As a believer, we never enter strenuous situations alone, and I am not called to figure it all out, just to rest and receive.   Whew is that hard! It seems illogical that rest should be so illusive, but we all know it to be, friends.   Maybe like me, you find resolving much easier than resting.

I am very forgetful to remember that I, like you, have a faithful and loving Father, who goes before and with us.   He enters into those anxious and scary places as the adult, and we like the child if we allow ourselves to abide in his authority.

I am so thankful for the truth in Exodus 33:14 this morning~ The Lord replies, “My presence will go with you, and I will give you rest.”   When I can not just read this, but also reap it, my day becomes so much lighter.   I shrivel to think where I would be without the soul stabilizers of God’s promises.

Whatever is confronting you today, tomorrow or next week, may you find the grace to concede as a child of God and find peace in His assured provisions.

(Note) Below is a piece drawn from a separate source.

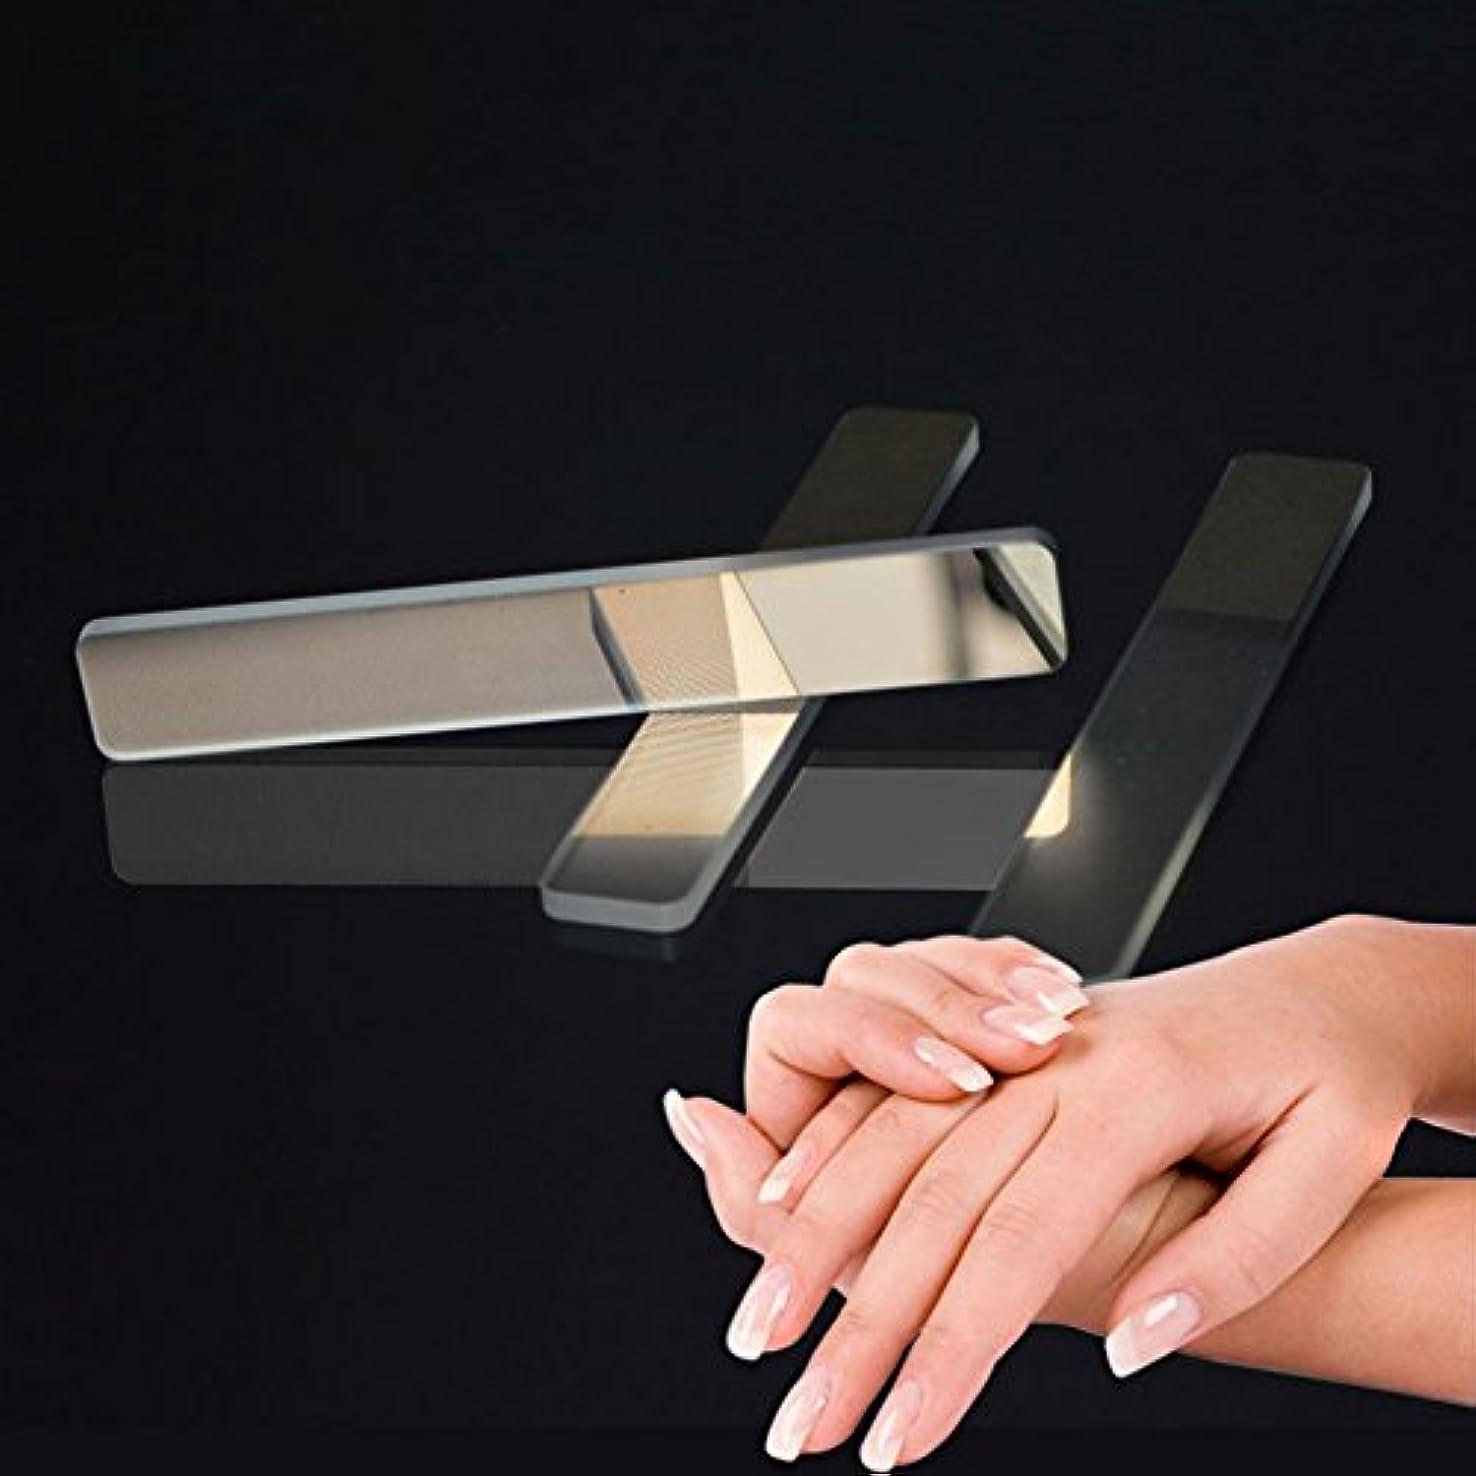 ヘッドレスストレスの多いトラップ爪やすり WUUDI 爪磨き ガラス爪ヤスリ ネイルファイル ネイルシャイナー つめケア ガラス製 ネイルケア 甘皮処理 (白)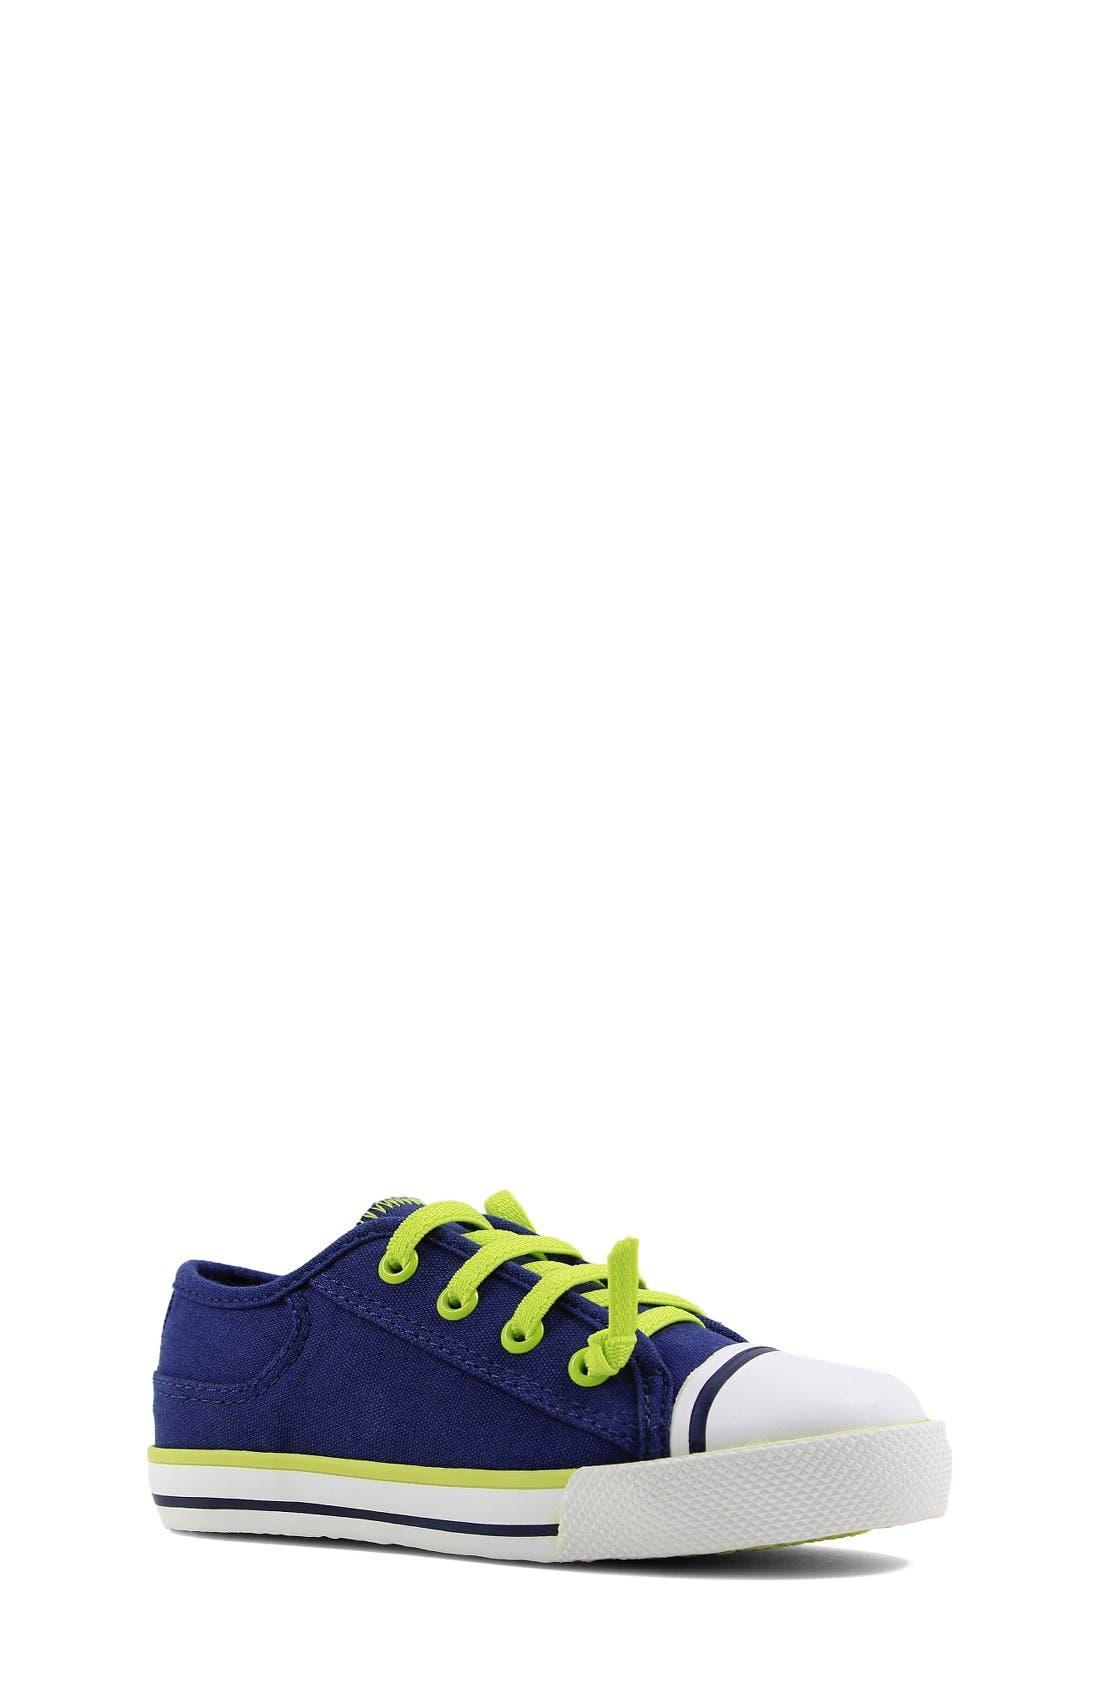 UMI Dax Sneaker

Rest for the Riddled Today

 

Hey you, hey me, the thirsty, the desperate, the depleted, the exhausted…those barriers, wounds and struggles in our lives are not present by accident.   They are there by assignment.   Things that challenge us to our core either create or crush us.   They are available for our gain and God’s glory.   The difference in destroying us or defining us is our resolve to find the meaning and mission in our messes.

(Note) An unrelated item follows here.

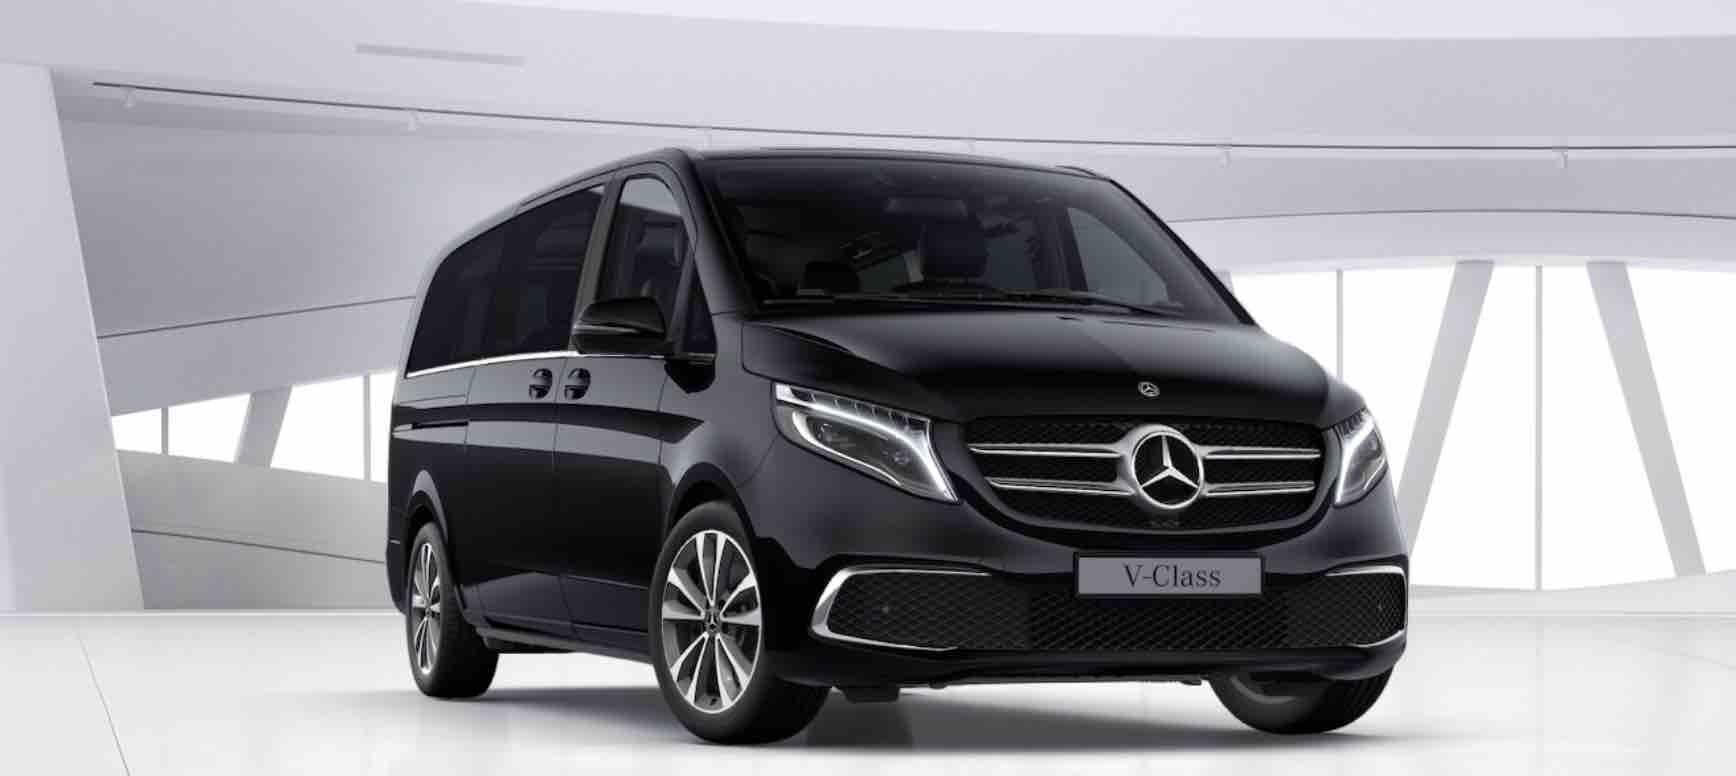 Luxury Chauffeur Car Service Milan – V Class Minivan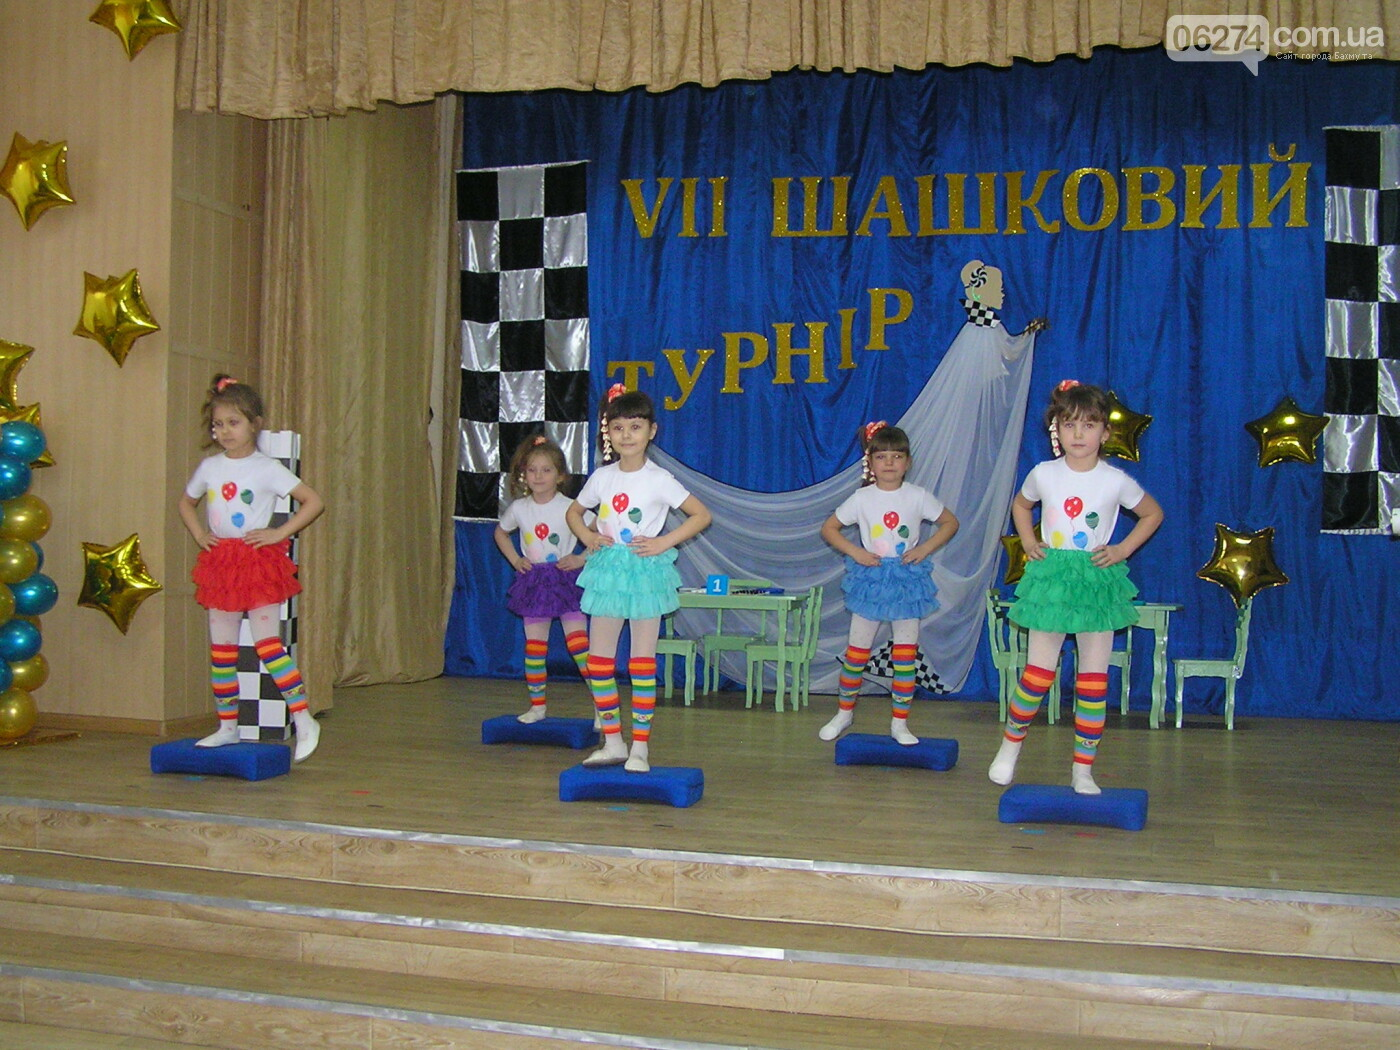 В Бахмуте прошел Финал VII шашечного турнира для детсадовцев, фото-8

Trials do not always come from God‘s hands, but they come through them.   We can rest in that. He has touched every tragedy and challenge before we endured it.

Our tears are sifted by God before they are shed by us.    He has held them, and He will heal them in His time and according to His purpose.

The new year is sometimes more of the old, the hard and the worn out.   You are not alone.   Let your perspective be colored by God’s purpose, not your pain.   He is working on our behalf.   Believe it, look for it, expect it and never lose hope!   We can give rest to our resolving, riddled souls, because one thing is for sure, relief will come through God’s strength, not our striving.   It will be in His timing not our tweaking. Father, give us all the grace to REST in your sovereign authority today and all days. When we forget, gently turn us away from our struggles and back to your safe shelter.   Amen.